Летом в этой кухне любят жить городские внуки: днем — прохлада, да и с гулянки можно прийти, когда вздумается, не тревожа бабку.
Мне нравится эта кухня, старинное жилье: глинобитные стены, мазаный пол, русская печь, запах сухой мяты, полынных да сибирьковых веников.
Мне нравится хозяйка, старый воробушек в белом платочке с быстрыми живыми глазами. Мне нравится ее гнездо: флигелек в две комнаты: кухня да горница, все аккуратно помазано и побелено, от завалинки до трубы. Просторный огород, петуньи, пахучий табак да высокие алые мальвы возле забора, скамеечка у ворот. Но сидеть на ней время не позволяет. Разве что ради гостя…
— Какие новости? — спрашиваю.
— Откель мне знать, — скромно опускает глаза хозяйка. — Зимой хоть радио гутарит. А ныне — лишь огород, хата да кухня, курята да поросенок с утра до ночи… Раздираюсь, как бык на склизу.
Но помаленьку кое-что узнаю.
Бобылка Раиса, что прибилась к хутору лет пять назад, оказалась мужней, приезжали за ней на машине, зовут в семью, и мужик обещает не пить, потому что постарел, вот теперь и думай. Премудрые Рахманы — они же привыкли чужими джуреками своих родителей поминать — доумились Рахманы: сыпят к своему порогу семечки, приманывают чужих кур, приманят — и шлычку набок, в лапшу. Надюрка Рахманова проводила своего Митрия в больницу, в райцентр, с серьезной болезнью, да его и было видать: сделался вощаной, долго будут лечить, запихнула в больницу и считай тем же ходом привезла ему на замену какого-то с усиками, может, на время, а может, насовсем. А ведь Митрий тоже не с возу упал, они в загсе, на жизнь записанные… Кошенковы наладились самогонку гнать, для жизни подмога, люди хвалят ихнюю самогонку из сахара, не то что Вахина отрава. А Вахины же — переселенцы из Грозного, к жизни нашей никак не привыкнут: лежат-лежат, потом сядут, сидят-сидят, потом лягут; осенью люди давали им картошку, капусту, свеклу — несли ото всех дворов, кто мог, весной семена да рассаду навязывали, а у них одно — посохло, другое — не взошло, третье — Вахины козы погрызли, потому что зимой забор в печке пожгли, а новый не поставили… А у Коли Бахчевника…

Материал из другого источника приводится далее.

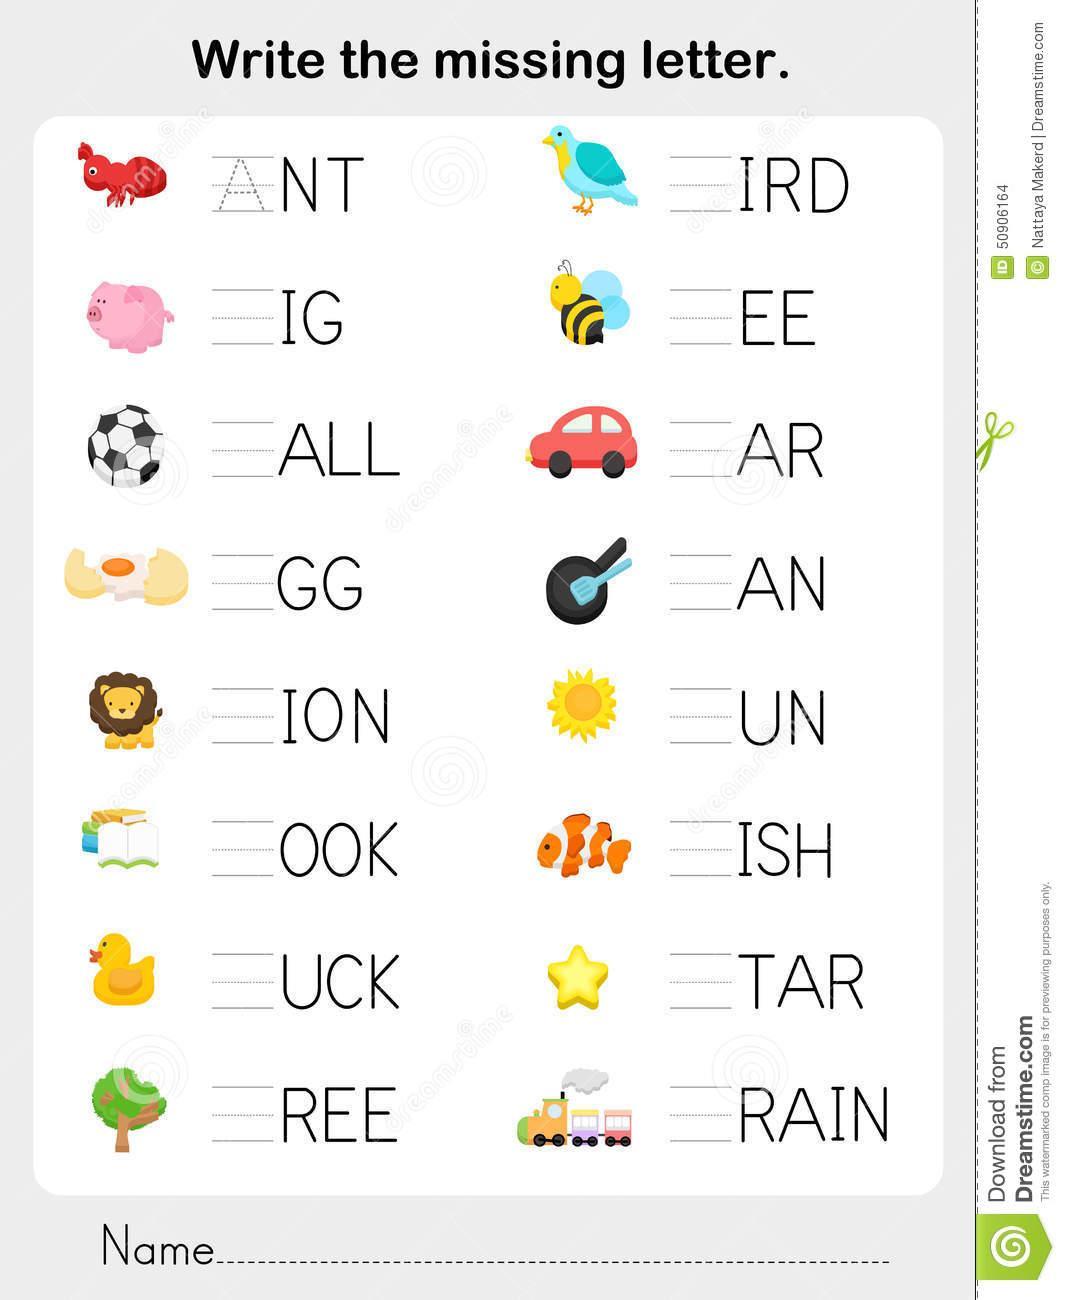 Write Missing Letters Worksheet 1 Letter Worksheets

Помаленьку хуторская жизнь для меня прояснивается. Но нынче пора летняя, долго не рассидишь.
— Надо лезть, мазикать… — спохватывается баба Катя. — А то глина заклекнет.
И вот она уже наверху, возле трубы, хоть и невысокая кухонька, но как-то боязно глядеть на старую женщину. «Восемьдесят лет да еще два года…»
На прощанье решил пошутить, кричу, посмеиваясь:
— На флигеле труба тоже рук просит!
— На той неделе полезу! — отвечает старая женщина. — Там еще на подловке делов…
Поднимаю глаза на шеломистую флигеля крышу, опасаюсь и предостерегаю:
— Там высоко… Василий приедет. Или Мария…
— Дождешься их, — отвечает баба Катя и подсмеивается: — Чего я, вовсе, что ль, некудовая?
— Кудовая! — машу я рукой на прощанье. — Еще какая кудовая.